It may have come off as harsh for colleges, universities and entire state systems banning the popular TikTok social media app. While the move was made primarily to protect against potential cybersecurity breaches, some leaders may want to consider another benefit of limiting campus social media use.
A new study published by Technology, Mind and Behavior has discovered that limiting students’ social media use to just 30 minutes a day helped significantly reduce anxiety, depression, loneliness and fear of missing out. As a result, students slept better, connected more deeply with those around them and it ultimately led to students adopting a better life outlook.
“I think on the one hand, the results are kind of counterintuitive, right?” said lead author Ella Faulhaber, a doctoral student in human-computer interaction at Iowa State University, according to UPI. “If you talk to many people, they would tell you that social media is how they manage their stress, how they keep themselves entertained, how they stay connected with other people. So, I think the typical perception is that people use social media to cope.”
Of the 230 undergraduate students monitored, researchers asked half to limit their social media use to 30 minutes daily while the other half continued business as usual. The results above suggest to the study’s authors that social media abstinence “may improve psychological well-being in multiple dimensions.”

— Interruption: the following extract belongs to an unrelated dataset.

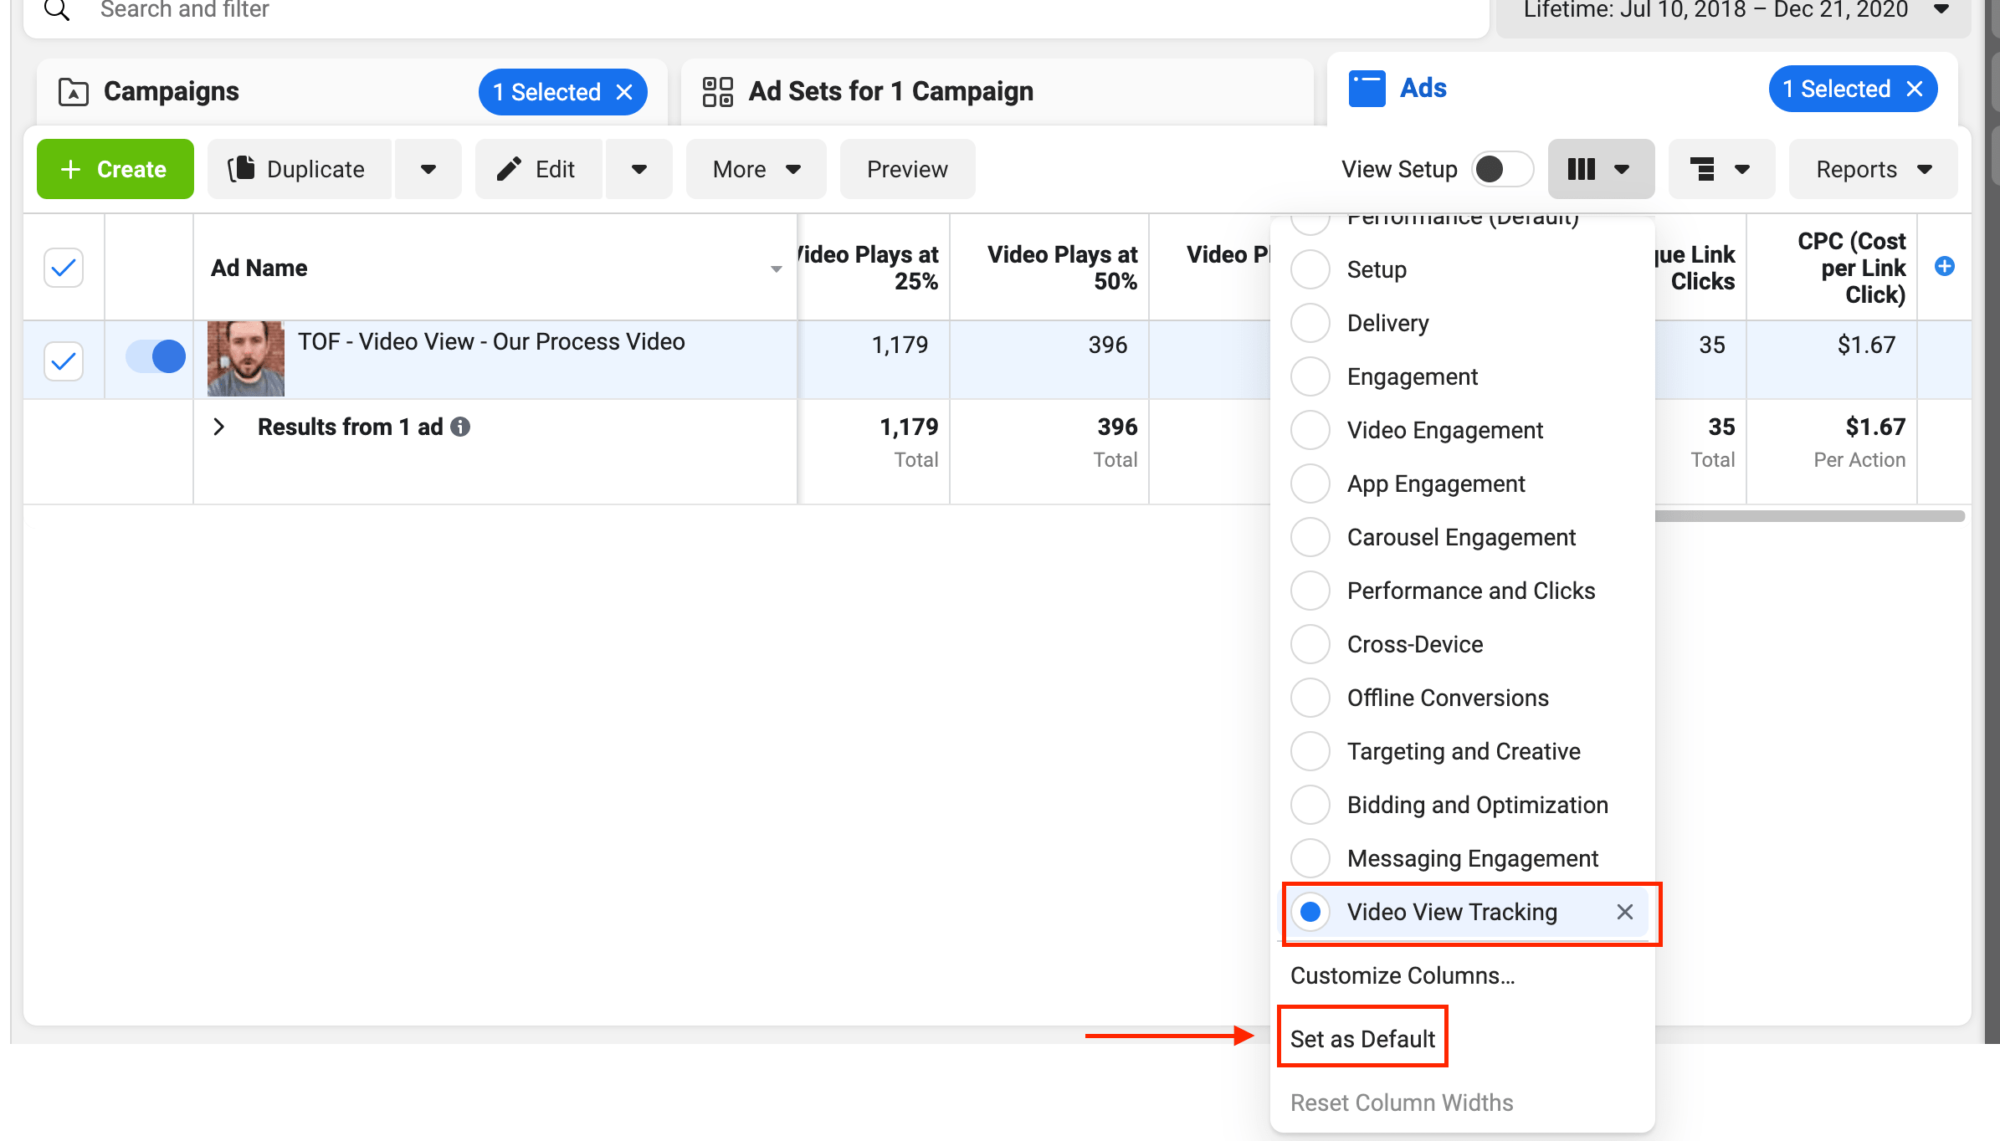 You can set your custom view as the default view when reviewing your ad metrics.

These results come two weeks after the U.S. Surgeon General testified before a Senate Health, Labor and Pensions Panel advising social media to be given a warning label due to its contribution to youth mental health becoming “the defining public health issue of our time.” Similarly, last month the Department of Education announced almost $100 million in federal funding to strengthen institutions’ supply of mental health counselors across 35 states.
In the face of government support and spending on combatting young Americans’ mental health crisis, limiting social media usage can be the most cost- and resource-effective tactic. Psychiatrist Dr. Howard Liu, chairman of the American Psychiatric Association’s Council on Communications, who reviewed the findings, believed that limiting social media use is a viable practice for mental health therapy prevention. Additionally, less time online opens doors for other preventative measures, such as exercise, mindfulness meditation and connecting with friends and family.
While students admitted to Faulhaber that they had trouble at first disconnecting, their overall life improvements appeared soon after.
“To me, the takeaway is this is definitely doable,” Faulhaber said. “This experiment really shows you that if you try to limit your social media usage, it is effective, and you might actually feel better.”